- _Input data_
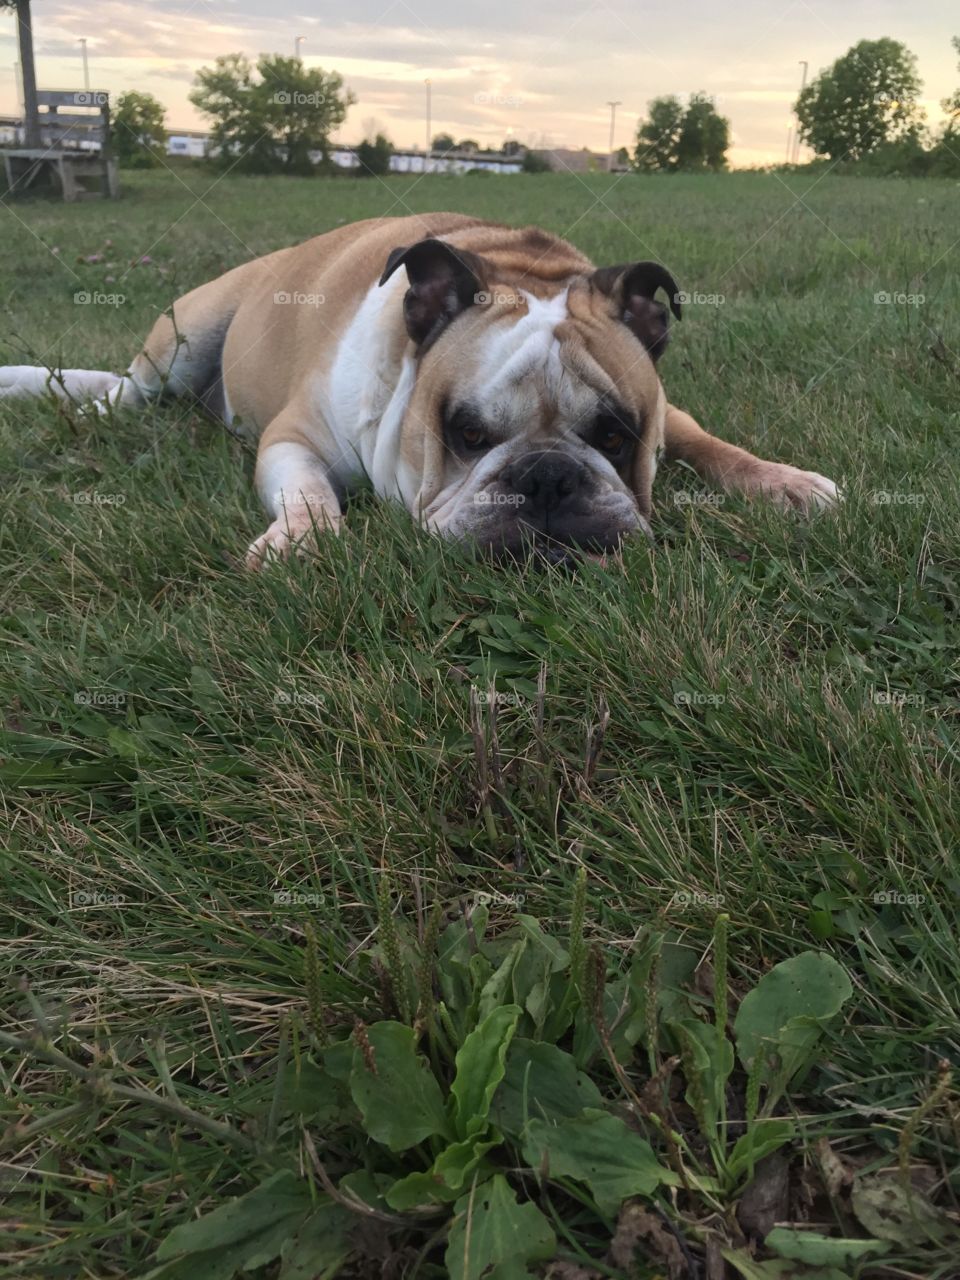 Cute bull dog in the grass
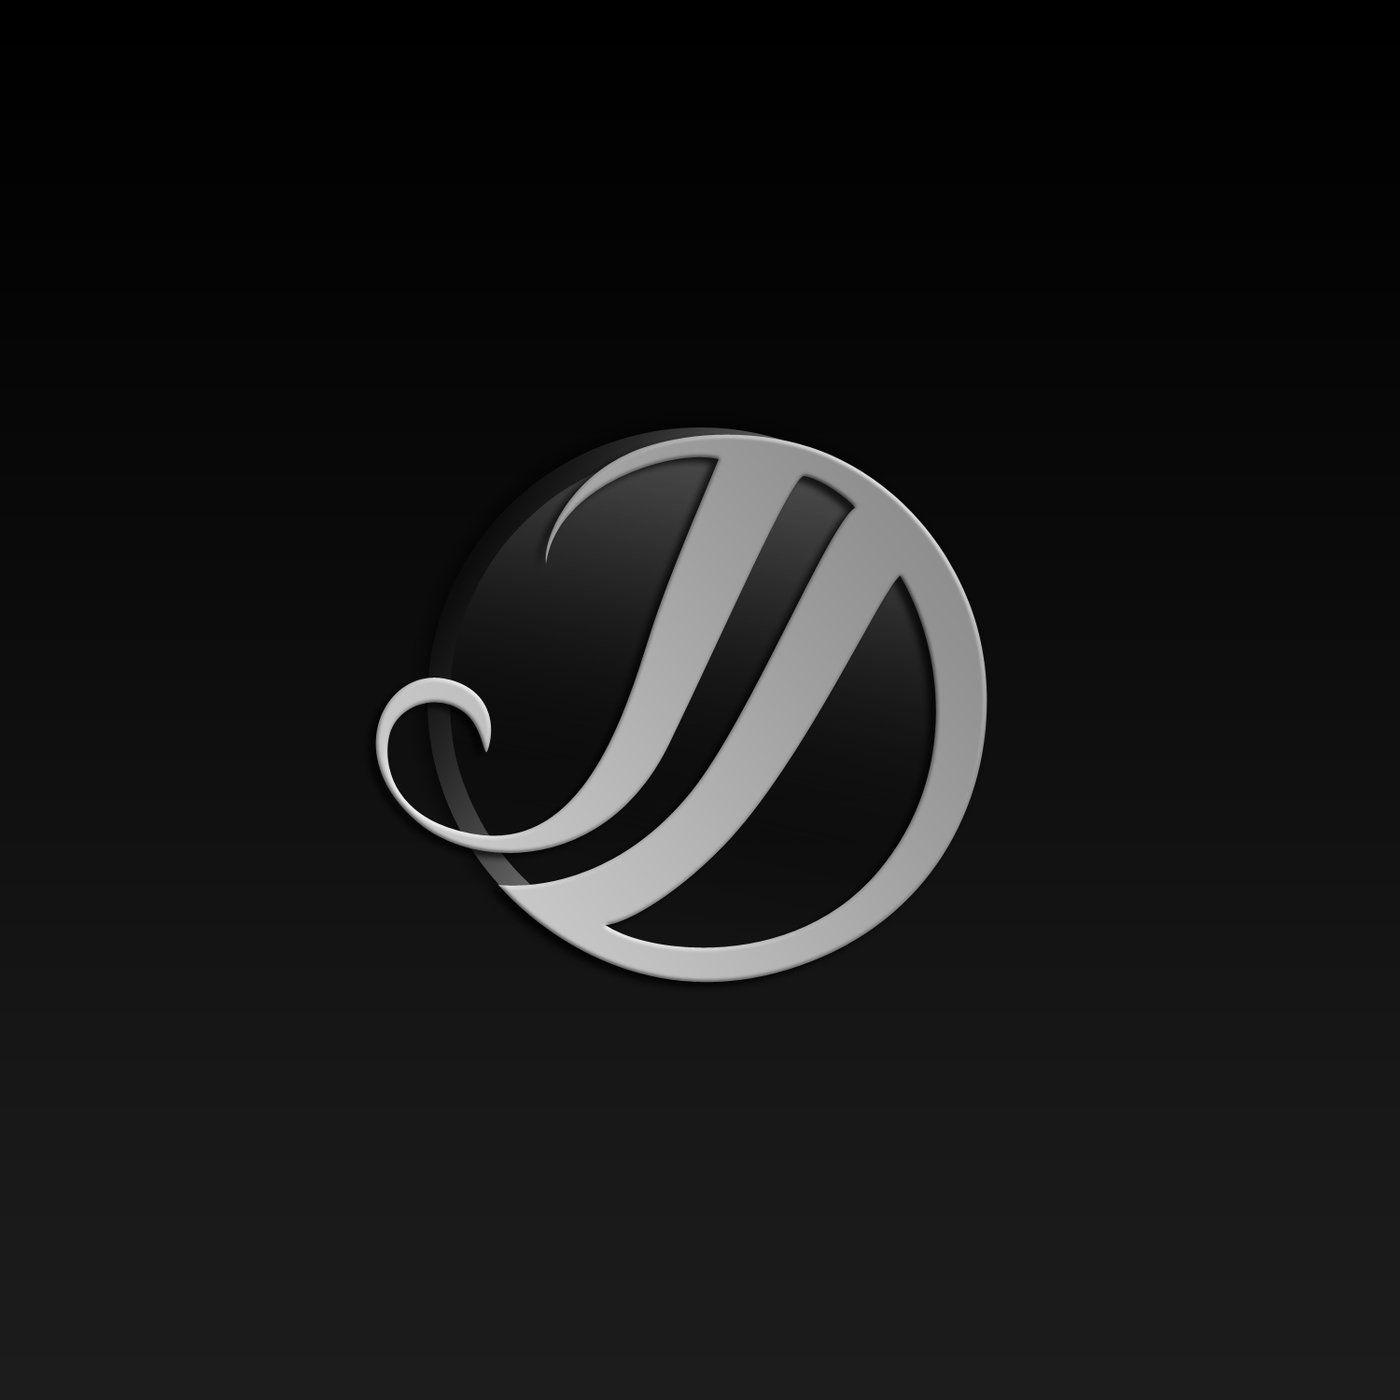 JD Logo - Logo Design Photography by Mariya Brachkova at Coroflot.com
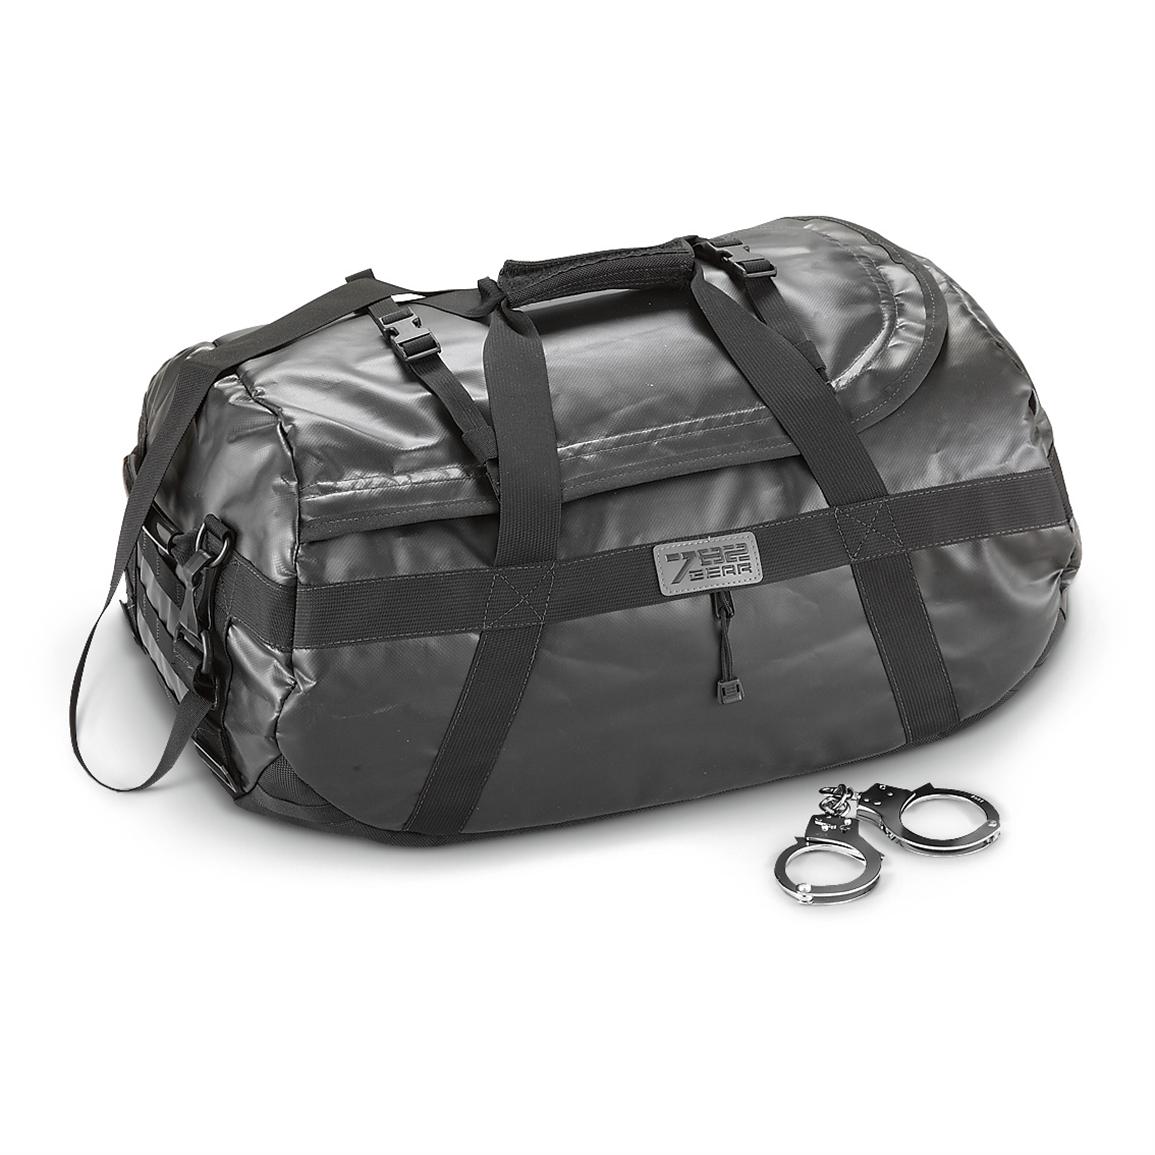 782® Waterproof Hi-tech Tactical Duffel, Black - 292039, Duffle Bags at Sportsman&#39;s Guide
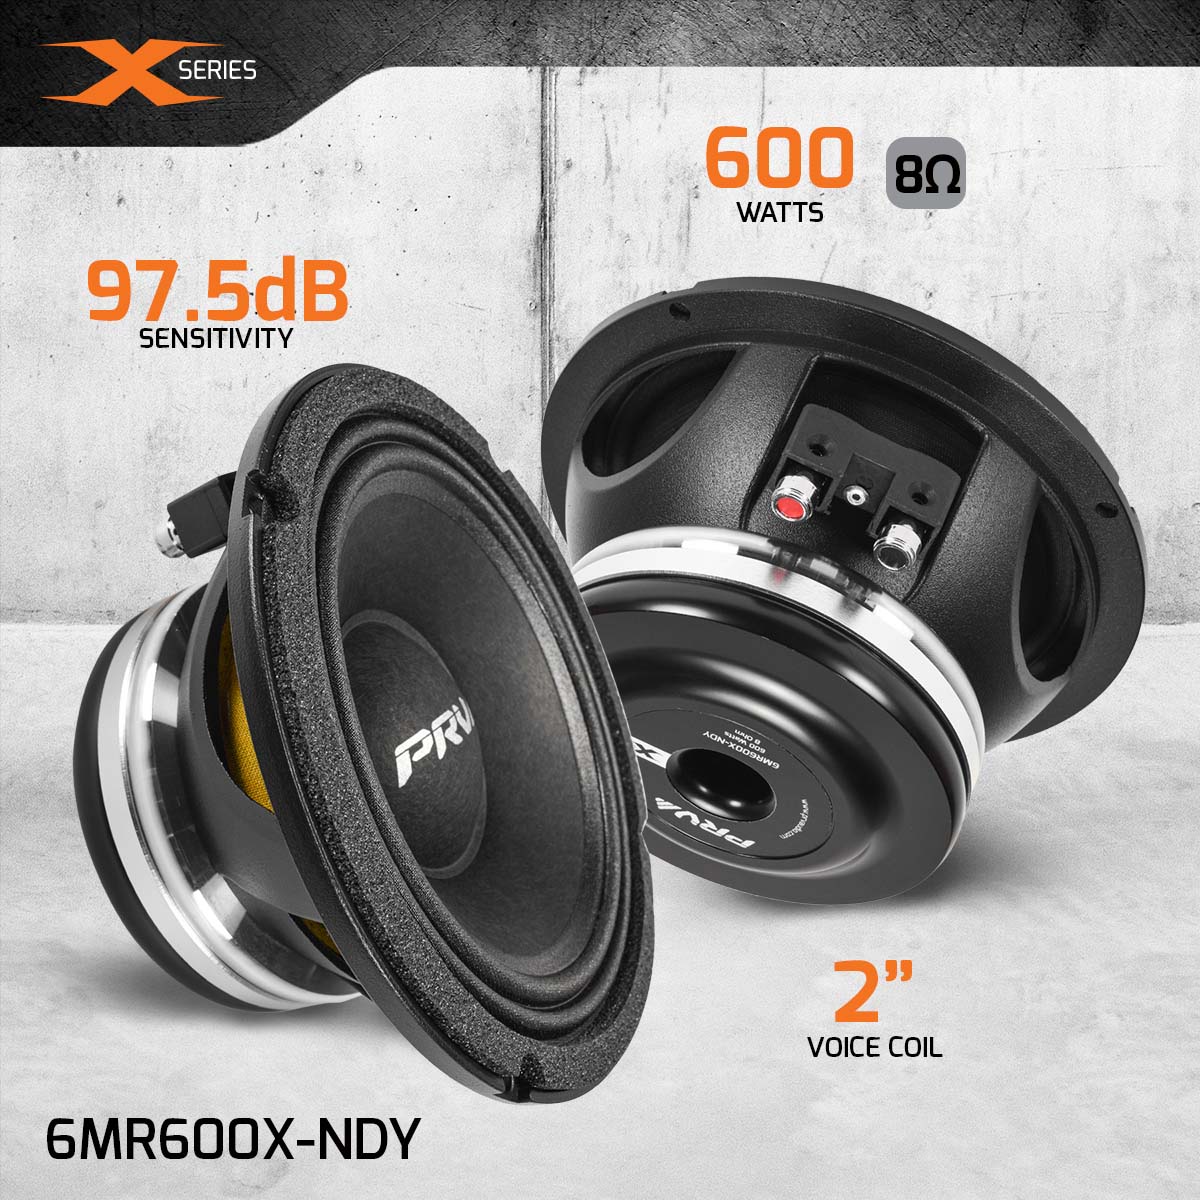 6MR600X-NDY -Specs - Infographic

- _Activity_
Extract only the lines from the line containing "JD Logo - Logo" through the final line of the listing above, unchanged; pictures stay out of the copy.

- _Problem solution_
 JD Logo - Logo Design Photography by Mariya Brachkova at Coroflot.com
 782® Waterproof Hi-tech Tactical Duffel, Black - 292039, Duffle Bags at Sportsman&#39;s Guide
 6MR600X-NDY -Specs - Infographic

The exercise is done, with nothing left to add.